Unmanned Aerial Vehicle Detection
A demo of UAV(Unmanned Aerial Vehicle) Detection System
Code & Files
1. My project includes the following files
- main.py is the main code for demos
- svm_pipeline.py is the UAV detection pipeline with SVM
- visualization.py is the function for adding visalization
2. Environment
- OpenCV3, Python3.5
- OS: Win10
3. How to run the code
If you want to run the demo, you can simply run:
python main.py
Linear SVM Approach
svm_pipeline.py
contains the code for the svm pipeline.
Steps:
- Perform a Histogram of Oriented Gradients (HOG) feature extraction on a labeled training set of images and train a classifier Linear SVM classifier.

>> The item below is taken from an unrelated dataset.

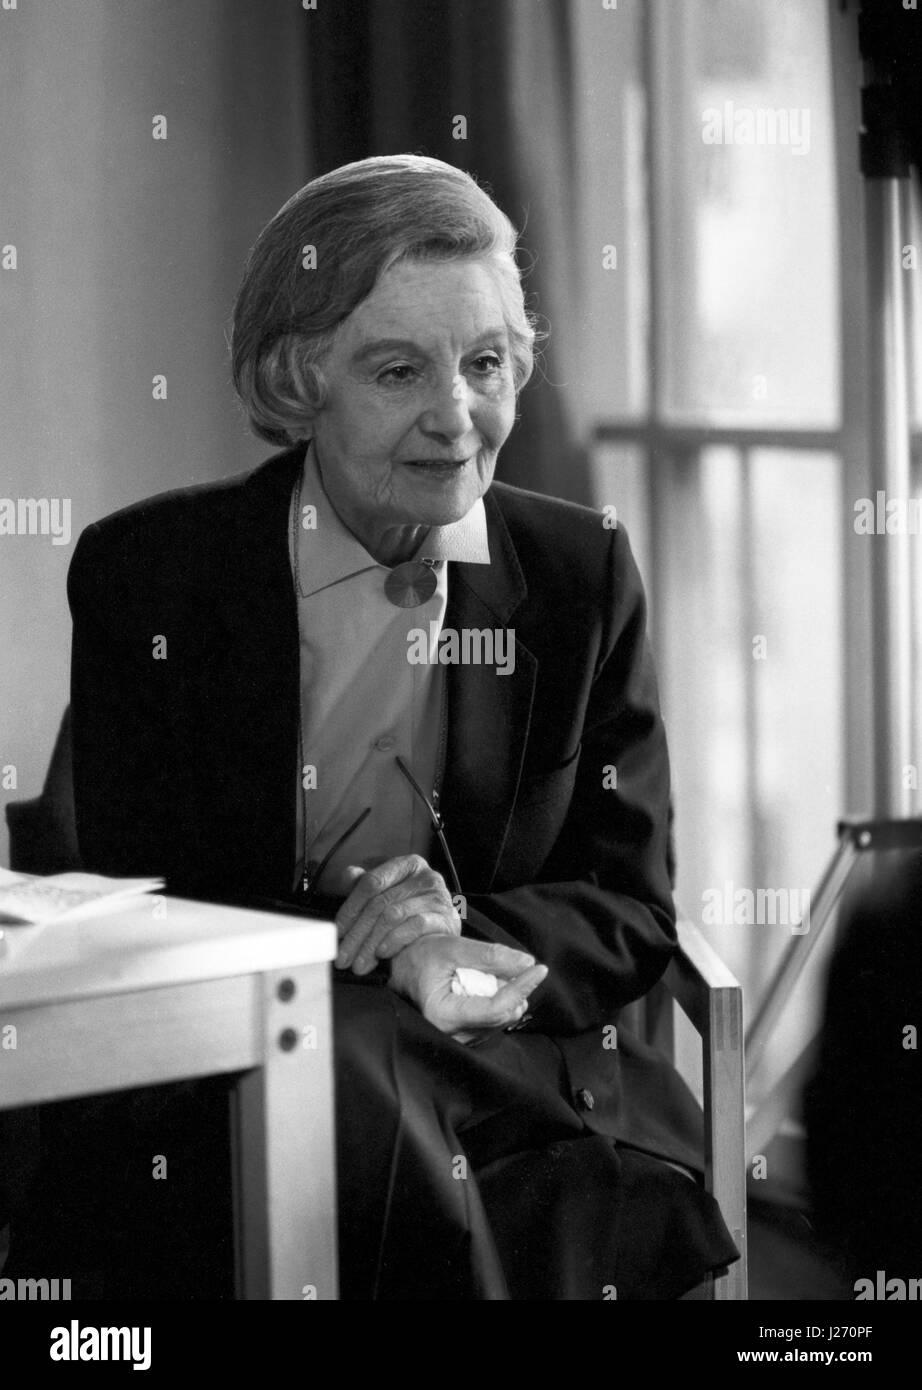 Jacques schell photographe synthesis of all pictures from www - Die Sterreichisch Britische Schauspielerin Und Regisseurin Elisabeth Bergner Deutschland 1980er Jahre Austrian Stock

- A color transform is applied to the image and append binned color features, as well as histograms of color, to HOG feature vector.
- Normalize features.
- Implement a sliding-window technique and use SVM classifier to search for UAV in images.
- Run pipeline on a video stream and create a heat map of recurring detections frame by frame to reject outliers.
Extract Histogram of Oriented Gradients (HOG) from training images
The code for this step is contained in the function named extract_features
and codes from line 95 to 146 in svm_pipeline.py
.
If the SVM classifier exist, load it directly.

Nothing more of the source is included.